A landmark study from 2013 on the heart health benefits of a Mediterranean diet was found to contain a few errors in the execution of its research method.

The authors retracted the paper from the New England Journal of Medicine (NEJM) on June 13.

What is the Mediterranean diet?

Among the many diets that have gained popularity over the years, the Mediterranean diet is a prominent one. Inspired by countries bordering the Mediterranean Sea, it borrows elements from the mid-20th century eating habits of countries such as Greece and Italy.

Fruits, vegetables, olive oil, nuts, and whole grains are encouraged. The diet also restricts the intake of processed meat, added sugar, trans fats etc. and allows for moderate consumption of wine and fish. 

How is it considered beneficial for health?

Research found a lower incidence of heart disease in Mediterranean countries compared to the United States, prompting questions on whether the diet may play a key role. 

In 2013, a study published in the NEJM seemed to provide strong evidence on the heart health benefits. 7,447 participants from Spain (who were at risk for heart disease) were randomly assigned one of three types of diets.

The findings stated that the diet with olive oil reduced the incidence of heart attacks, stroke, and heart disease-related death by 30 percent. "This is good news, because we know how to prevent the main cause of deaths — that is cardiovascular disease — with a good diet," researcher Dr. Miguel Angel Martinez-Gonzalez stated in 2013.

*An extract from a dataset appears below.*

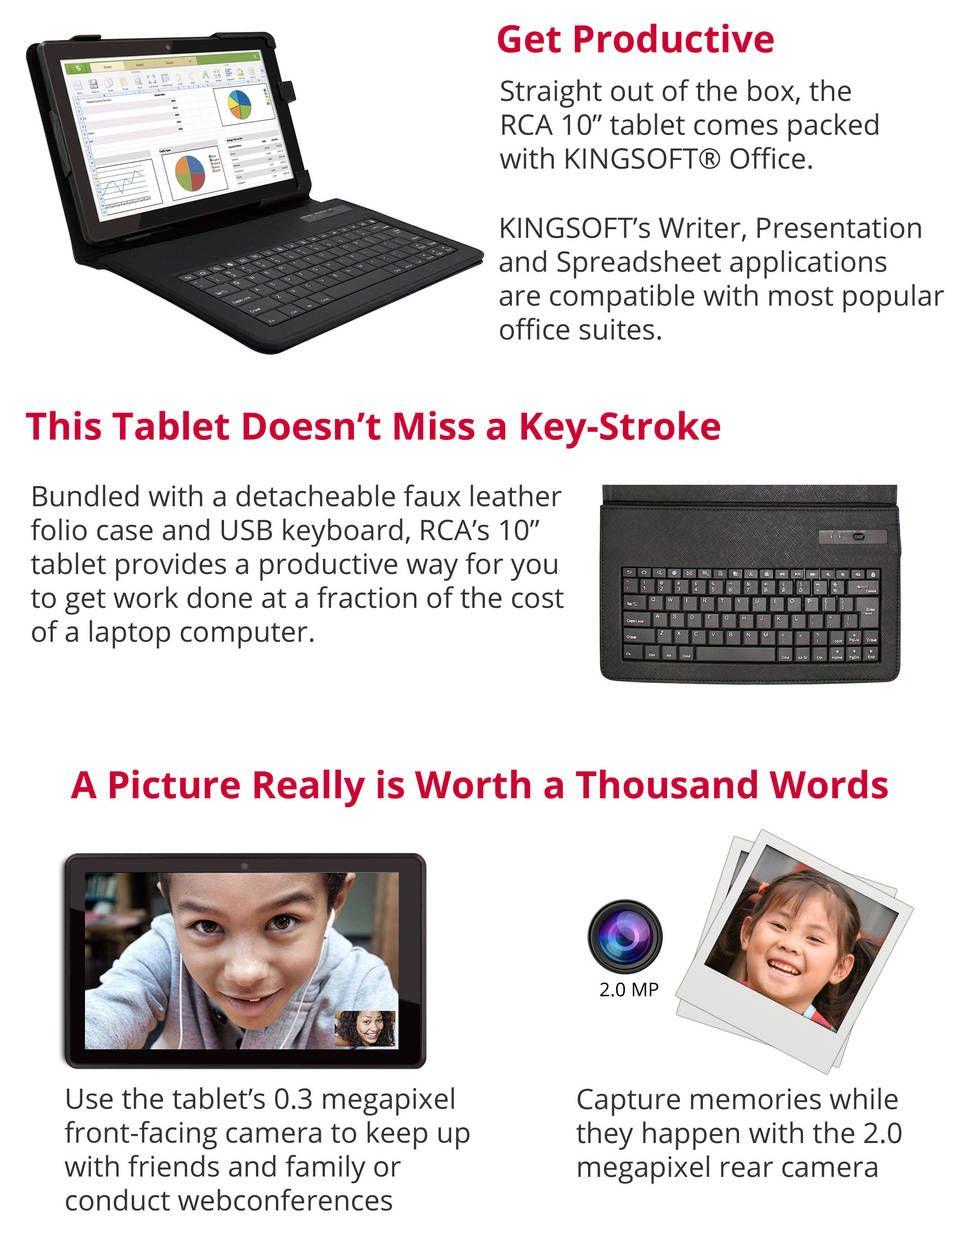 "RCA 10"" tablet w/USB keyboard and folio case For Sheila"

What was the flaw in the research?

John Carlisle, an anesthesiologist from England, analyzed thousands of trials published in the journal. The aforementioned study was one of the few he noticed errors in. Soon, Martínez-González inspected the study in detail and found problems regarding the randomization.

It turned out that 14 percent of the study participants had not been assigned randomly to either a Mediterranean diet or a low-fat diet. Couples who participated in the study were both given the same diet to follow. In one instance, an entire participating village followed the same diet.

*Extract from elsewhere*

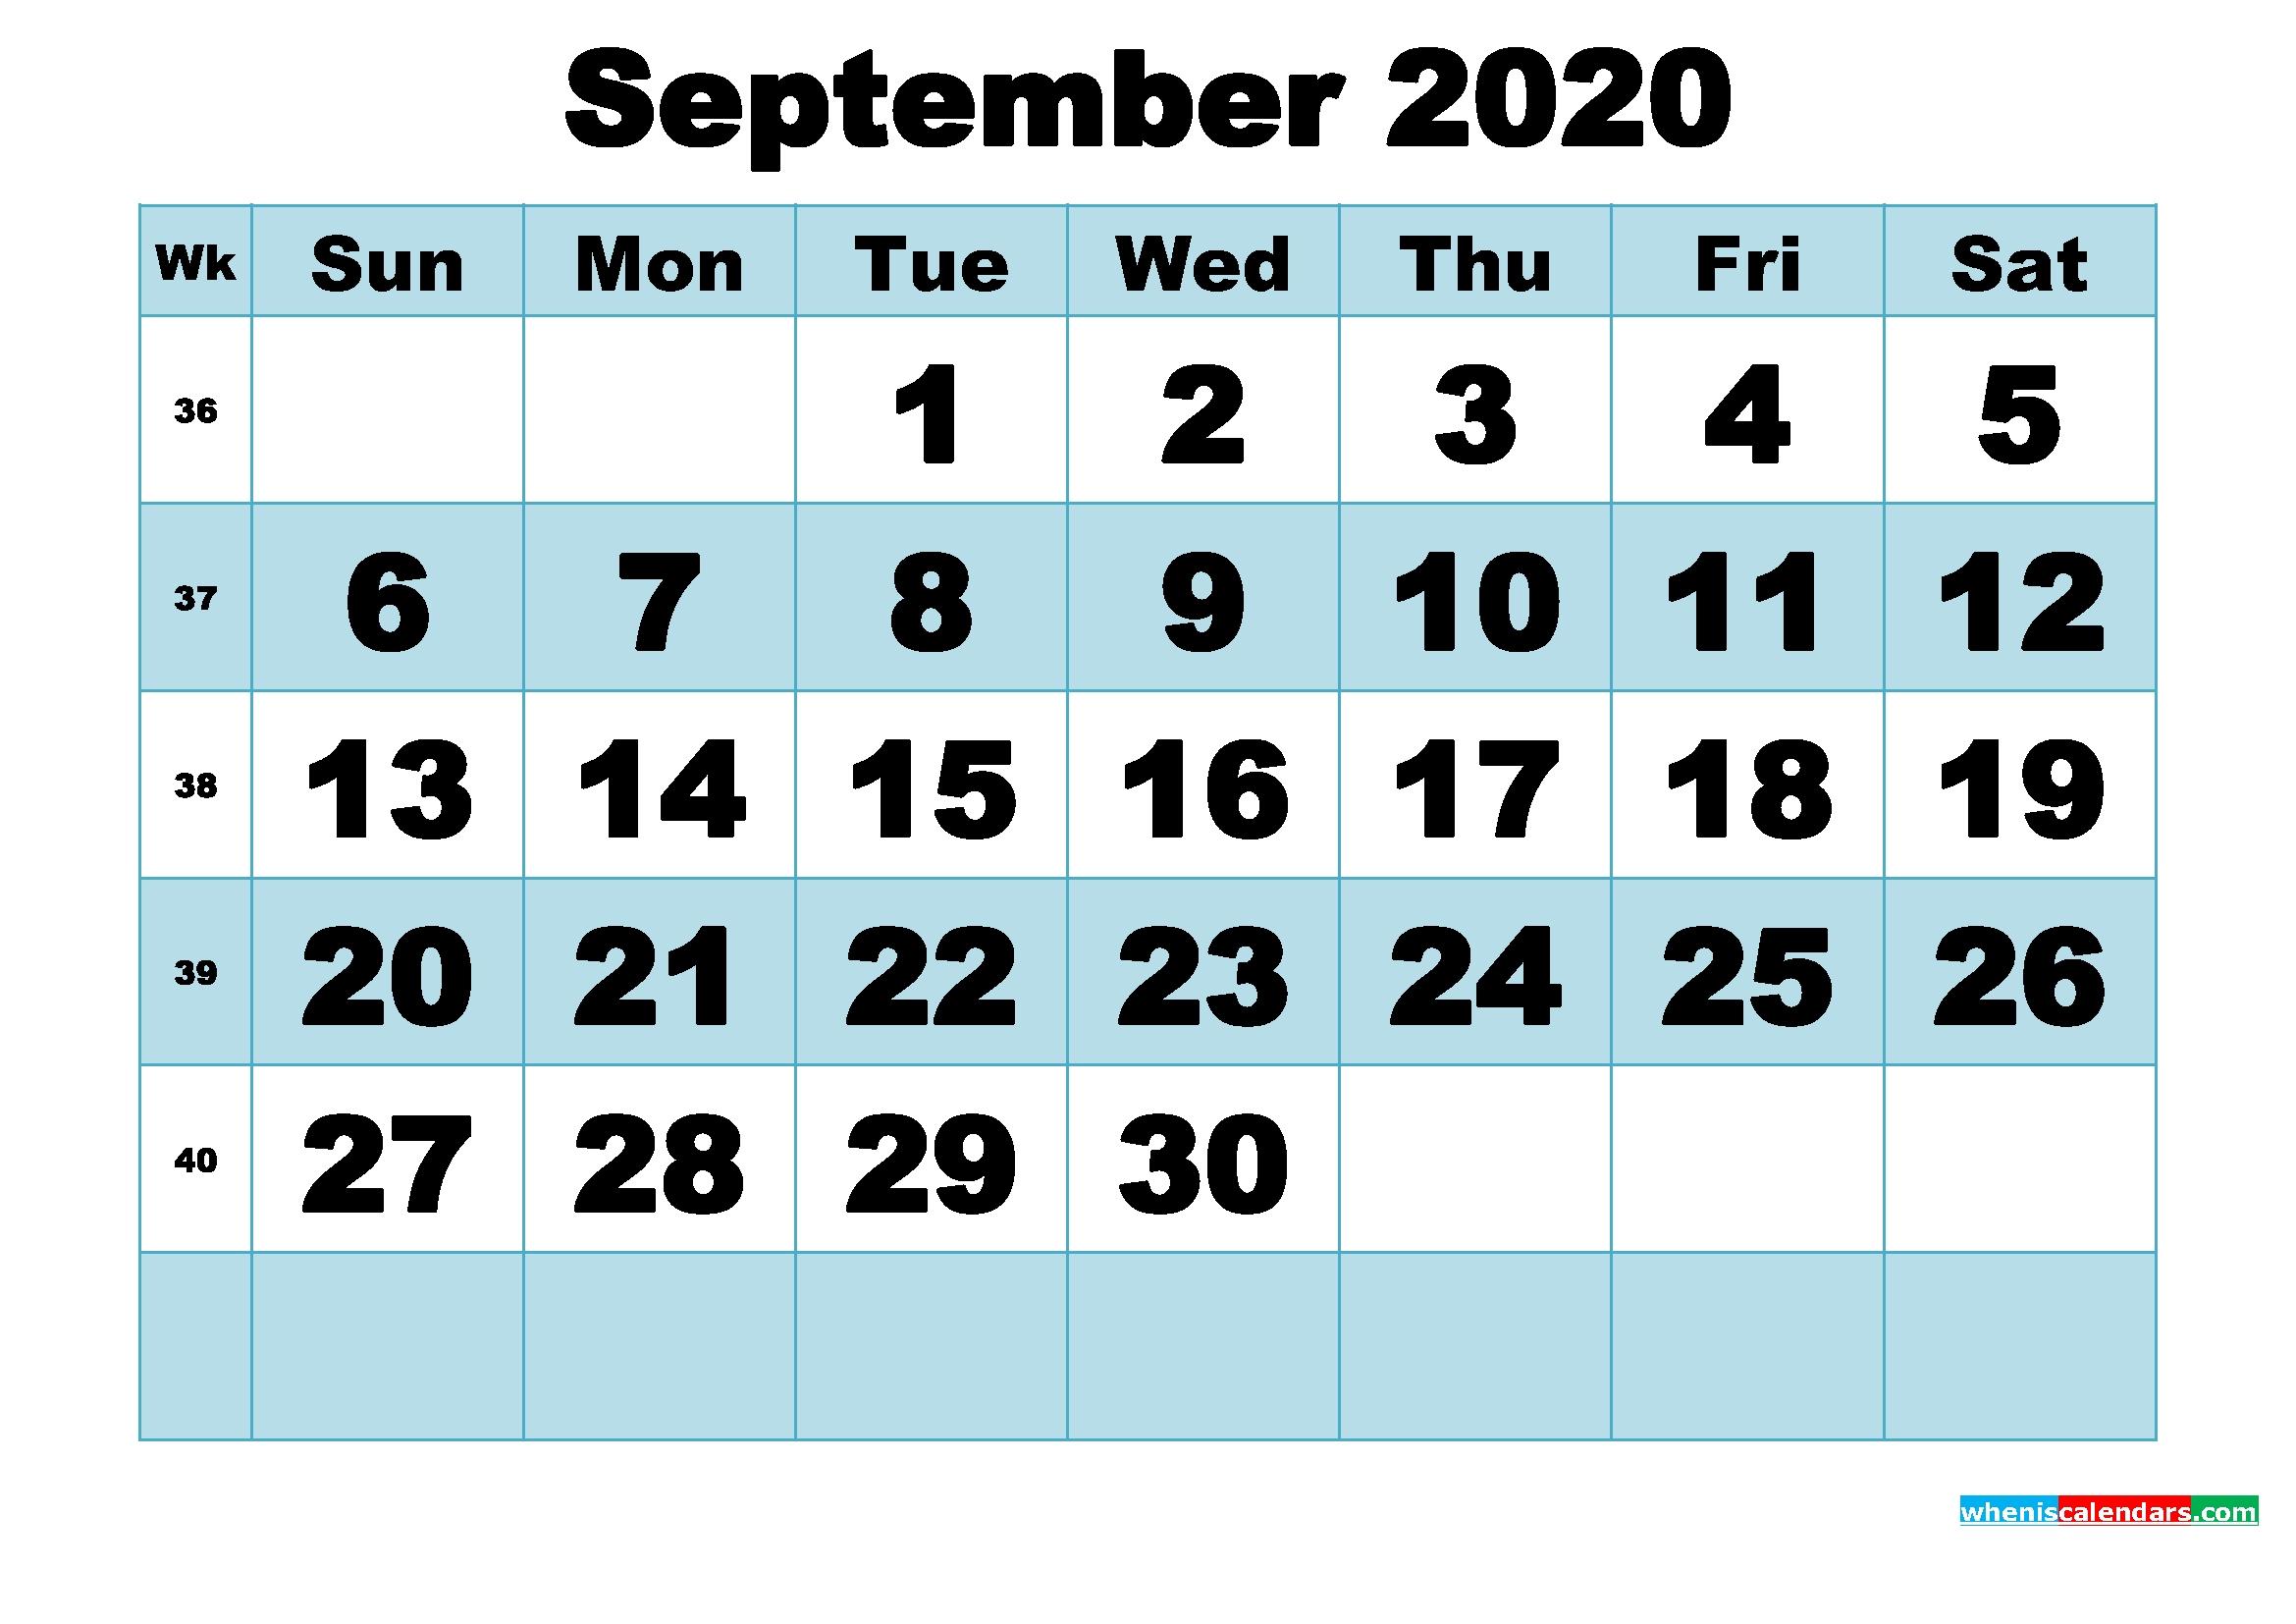 Free Printable September 2020 Calendar Word, Pdf, Image | Free Printable 2020 Calendar With Holidays September 2020 To September 2021 Calendar

Citing "irregularities in the randomization procedures," the authors retracted the paper and replaced it with a corrected version.

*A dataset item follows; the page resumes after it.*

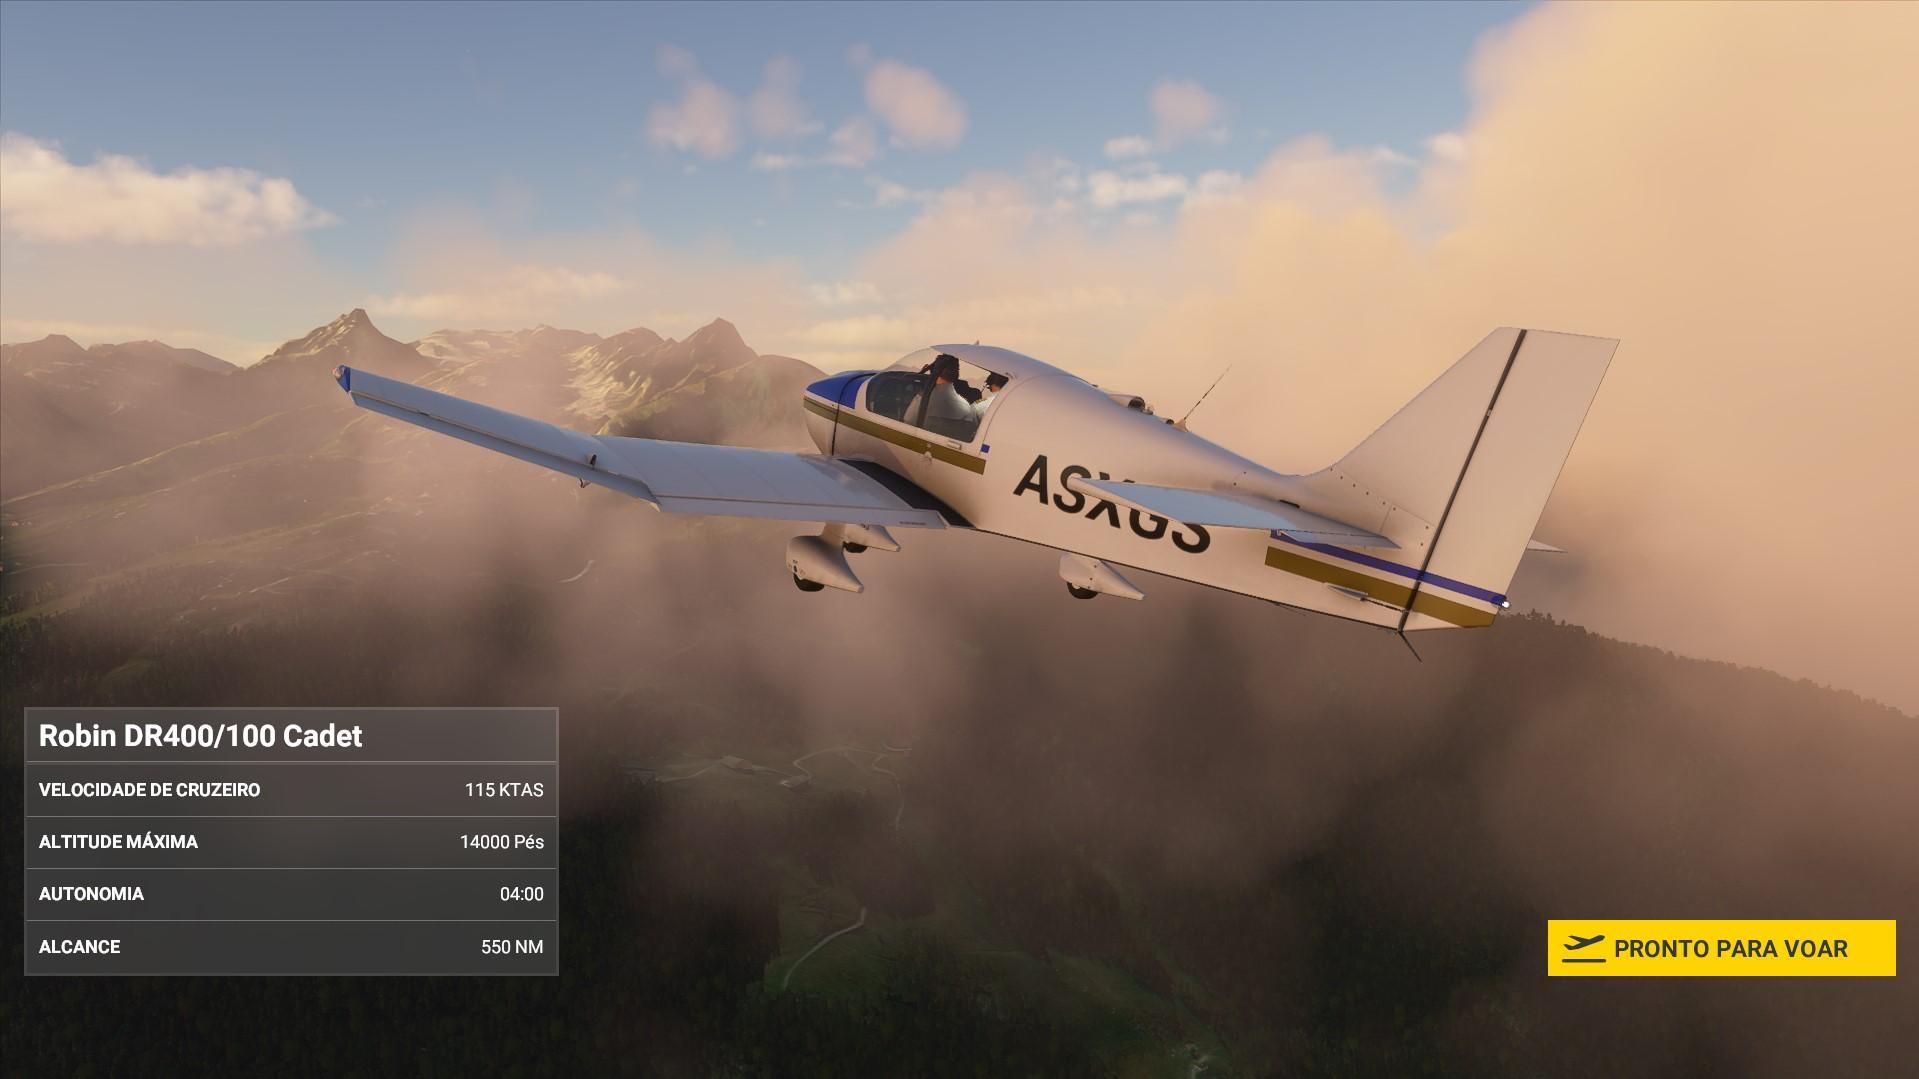 Courchevel - Robin DR400-100 Cadet - Flight Simulator

What about recommendations based on the retracted study?

Martínez-González explained that the flaw only affected a small part of the trial, as the results largely remained the same after a reanalysis. "We need to tone down the results, but it is just a little bit," he said. The main difference in the new version is that the data accounted for the errors and the conclusion used softer language.

While many believed the credibility of the study was affected, elements of the diet such as high intake of plant-based foods and reduced intake of processed foods are still recommended by medical professionals. 

"We believe the evidence [in favor of the diet] is still strong, but not as strong as a randomized study in which the randomization was executed flawlessly," said Jennifer Zeis, spokeswoman for the NEJM.